In the near term, for workloads that need to be much more responsive when scaling out today, we'd recommend you configure your minimum replica count for the application to be 1 or greater. This will ensure that your apps are always ready to go, and when inactive, these replicas will be billed at much lower idle rates per our pricing page. Workarounds like what @mluiten mentioned about pinging the endpoint of the app will also work. However, due to the nature of billing for Azure Container Apps, the bill may be higher than setting the minimum replica count as pinging the application will make it become active vs inactive pricing if the app is set at a minimum and hasn't received traffic.
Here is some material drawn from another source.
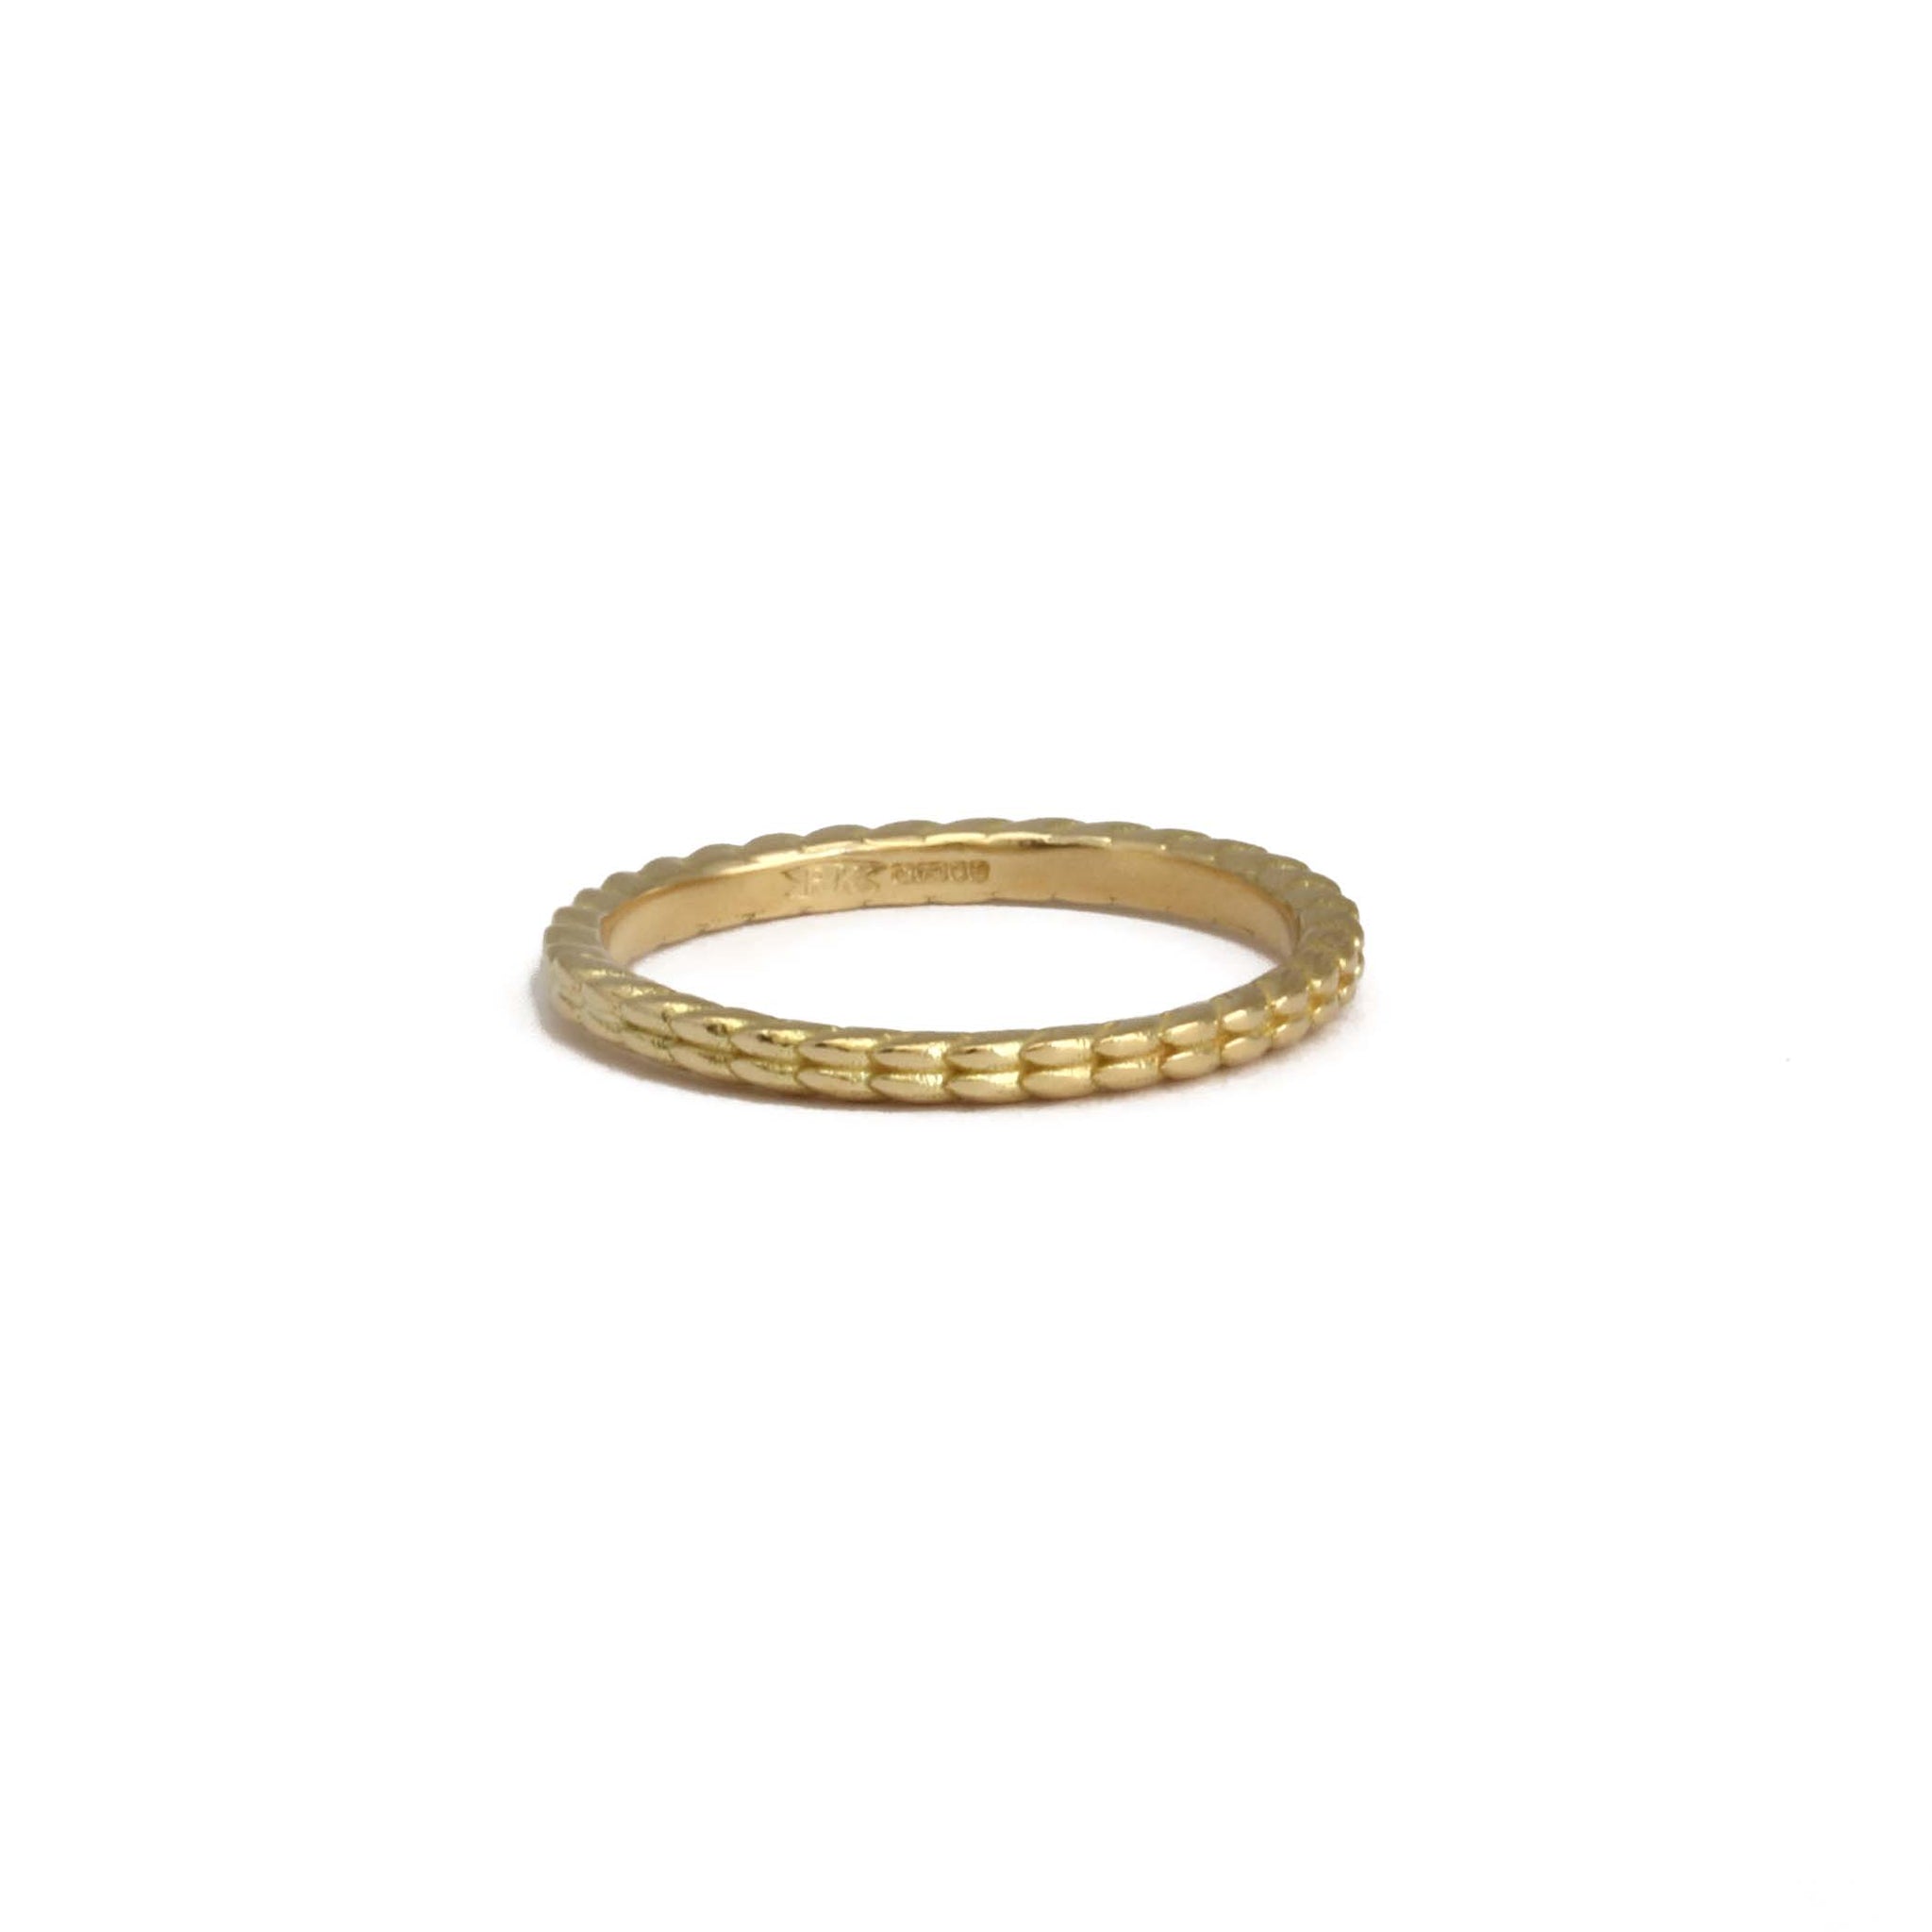 2mm thick 18ct white gold Tagmata Knot Ring

As folks have expressed on this thread, we can do a better job as a team of keeping you up to date on performance improvements that we are making. I've setup a recurring reminder on my calendar to update this thread when there are major improvements we have made.

Finally, please continue to provide feedback here on your specific scenarios and the cold start times you are running into. The details provided from specific tests done by @MaksymShuldiner, @pollaktamas, @adeturner, and others on the thread are valuable for our understanding of the types of scenarios and workloads which are impacted. We are aiming to make general cold start improvements, but if there are specific changes we can make for certain high demand workloads, your feedback will be invaluable in prioritizing. It will also help to keep us honest, if the improvements you see in your production applications don't match the scale of improvements we claim, we want to know. If folks want to provide more direct feedback and discuss, I'd also be happy to chat about performance on Azure Container Apps. Feel free to reach out to me at cachai [at] microsoft [dot] com with details on your scenarios.
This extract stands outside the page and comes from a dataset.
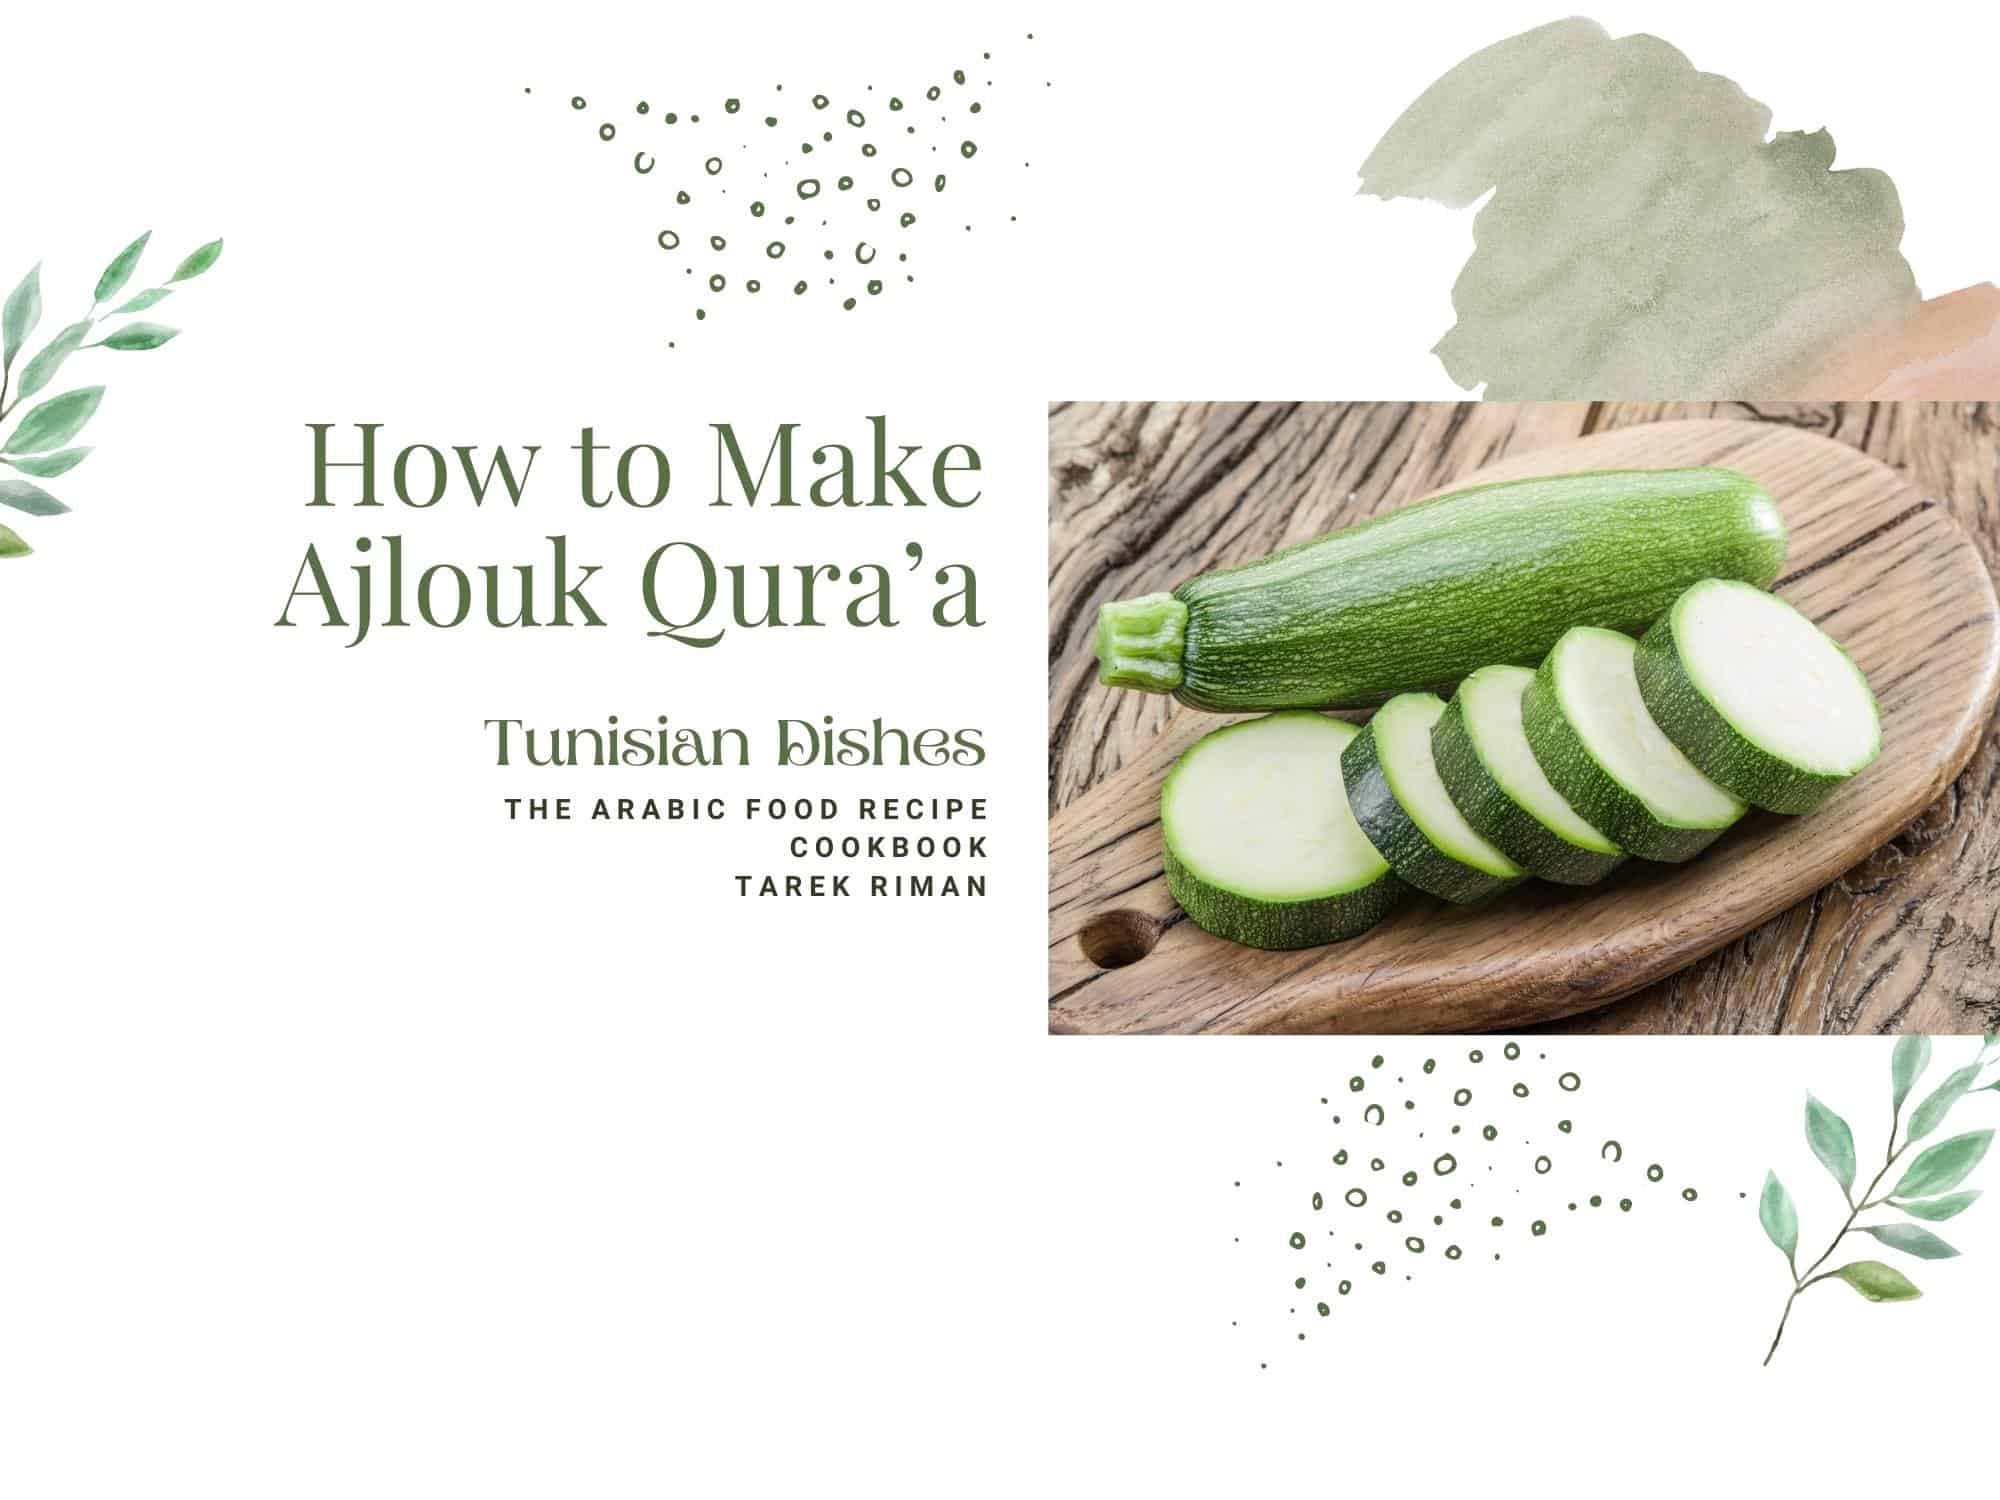 How to Make Ajlouk Qura’a

cachai2 commented 2 months ago

Hi folks, providing a quick update as mentioned above. We've completed our investigations. The following numbers are for the quickstart image scenario without using managed identity. We've seen ~7s improvement at the P50 based on the changes Hong mentioned from ~22s to ~15s. The P95 after improvements was ~20s. In the last two weeks, we were able to also identify a quick fix that we have since implemented which has further improved these numbers to ~10s at the P50 and ~15s at the P95. Feel free to validate these numbers on your own and let us know if you are seeing any differences. Please note that these numbers are based on the quickstart image so depending on your images, dependencies, etc, you will most likely see higher cold start numbers for your actual app workloads.
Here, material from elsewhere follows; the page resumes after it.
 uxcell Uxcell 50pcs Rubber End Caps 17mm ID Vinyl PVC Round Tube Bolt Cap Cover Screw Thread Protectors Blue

We do have further improvements we are working on. However, as mentioned in my previous message, these changes will be further out, and we don't currently have an ETA on when they will land. In the meantime, please continue to provide feedback on this area, and let us know what cold start numbers you are seeing for your scenarios. Thank you!

GibreelAbdullah commented 1 month ago

The cold start time today is about 12s for a node app. The same image is deployed in cloud run where the cold start time remains at around 2-3s. Reading all the comments, there has been a significant progress (from 25s to 12s) but much more improvement is still needed.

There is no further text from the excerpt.